Menurut Hartono (2000:150) pronomina penunjuk (demonstratif) dalam bahasa Indonesia


ada empat macam, yaitu (1) pronomina penunjuk umum ini dan itu (mengacu pada titik
pangkal yang dekat dengan penulis, ke masa yang akan datang, atau mengacu ke informasi
yang disampaikan oleh penulis), (2) pronomina penunjuk tempat (pronomina ini didasarkan
pada perbedaan titik pangkal dari pembicara: dekat sini, agak jauh situ, dan jauh sana), (3)
pronominal penunjuk ihwal (titik pangkal perbedaannya sama dengan penunjuk lokasi dekat
begini, jauh begitu dan menyangkut keduanya demikian), dan (4) penunjukan adverbia titik
pangkal acuannya terletak pada tempat anteseden yang diacu, ke belakang tadi dan berikut,
ke depan tersebut.

c) Referensi Komparatif

Pengacuan komparatif (perbandingan) ialah salah satu jenis kohesi gramatikal yang
bersifat membandingkan dua hal atau lebih yang mempunyai kemiripan atau kesamaan dari
segi bentuk/wujud, sikap, sifat, watak, perilaku, dan sebagainya (Sumarlam 2003:26). Kata-
kata yang biasa digunakan untuk membandingkan misalnya seperti, bagai, bagaikan, laksana,
sama dengan, tidak berbeda dengan, persis seperti, dan persis sama dengan. Referensi
komparatif dalam bahasa Indonesia menurut Hartono (2000:151) berkenaan dengan
perbandingan dua maujud atau lebih, meliputi tingkat kualitas atau intensitasnya dapat setara
atau tidak setara. Tingkat setara disebut tingkat ekuatif, tingkat yang tidak setara dibagi
menjadi dua yaitu tingkat komparatif dan tingkat superlatif. Tingkat ekuatif mengacu ke
kadar kualitas atau intensitas yang sama atau mirip. Tingkat komparatif mengacu ke kadar
kualitas atau intensitas yang lebih atau yang kurang.
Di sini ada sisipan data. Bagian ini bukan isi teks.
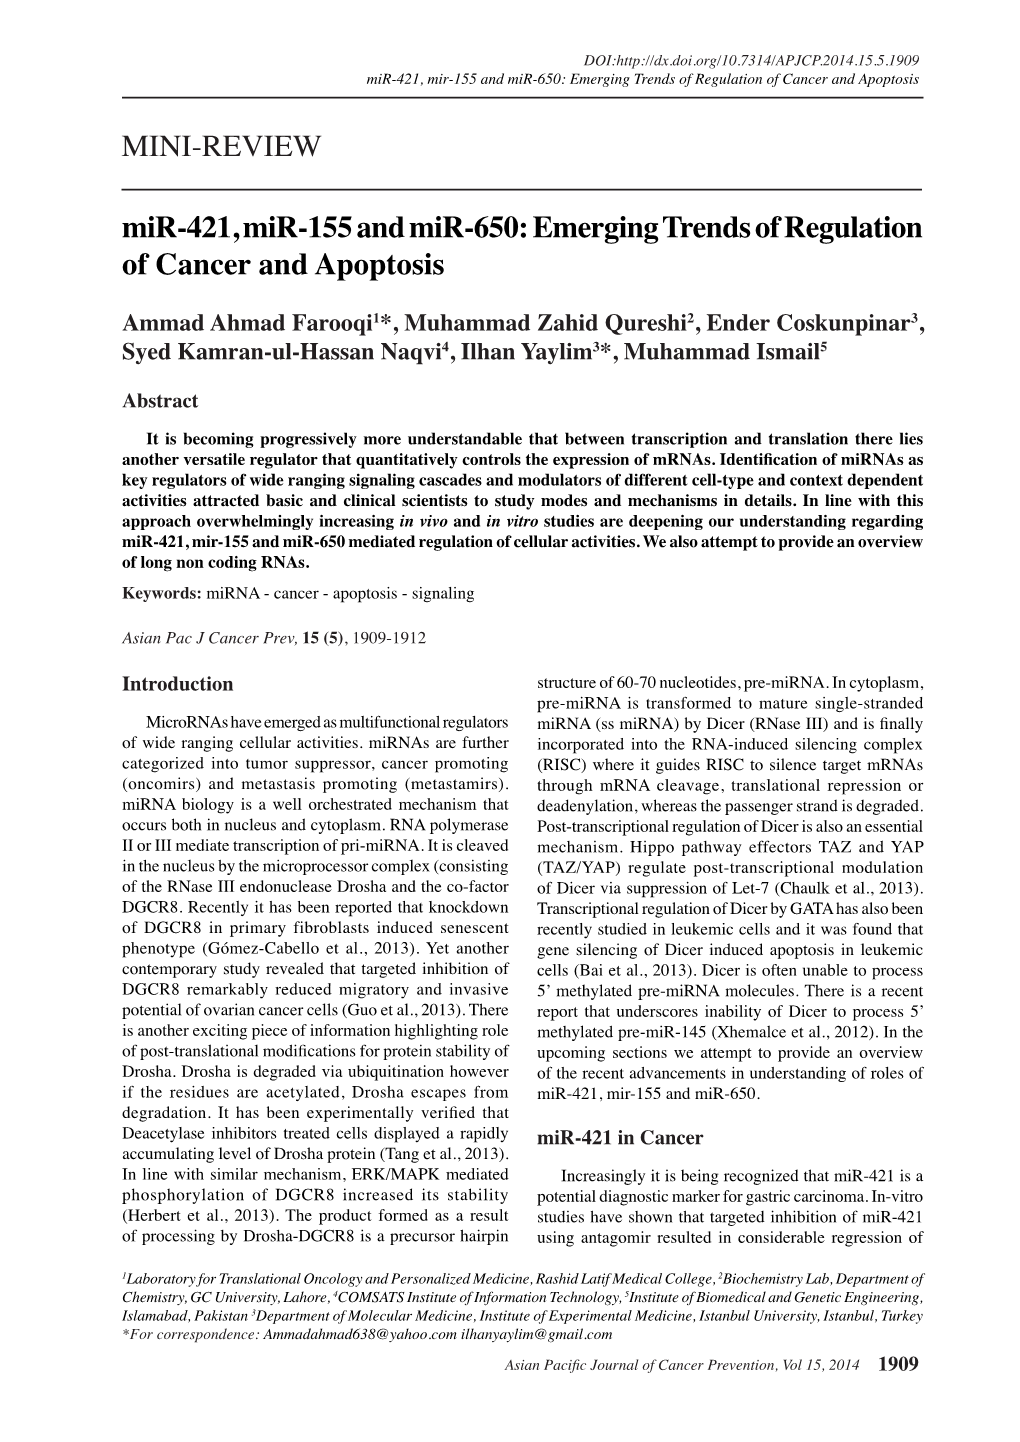 Mir-421, Mir-155 and Mir-650: Emerging Trends of Regulation of Cancer and Apoptosis

Tingkat superlatif mengacu ke kadar
kualitas atau intensitas yang paling tinggi di antara adjektiva yang dibandingkan.
BAB III
PENUTUP
A. Simpulan
Referensi  yang digunakan dalam bahasa adalah unsur-unsur yang disebut pelaku atau
perbuatan, penderita perbuatan (pengalami), pelengkap perbuatan dan perbuatan yang dilakukan
pelaku, serta tempat perbuatan dapat kita temukan, baik pada wacana lisan maupun tulis. Unsur
tersebut sering diulang untuk memperjelas makna, dan sebagai acuan (referensi). Karena itu,
pemilihan kata serta penempatannya harus benar sehingga wacana tadi tidak hanya kohesif,
tetapi juga koheren. Dengan kata lain, referensinya atau pengacuannya harus jelas.

B. Saran

Dalam penulisan makalah ini, penulis berharap agar makalah ini dapat dimanfaatkan sebagai
referensi  atau acuan bagi pembaca dalam melakukan penelitian yang lebih luas dan dapat
memperkaya khazanah tentang referensi atau pengacuan.
DAFTAR PUSTAKA

Brown, Gillian. 1996. Analisis Wacana (Terjemahan). Jakarta: PT. Gramedia Pustaka Utama.

Chaer, Abdul. 2007. Kajian Bahasa : Sturktur internal, pemaknaan, dan pemelajaran. Jakarta:

Rineka Cipta.

Djajasudarma, T.Fatimah. 2010. Wacana. Bandung: Refika Aditama.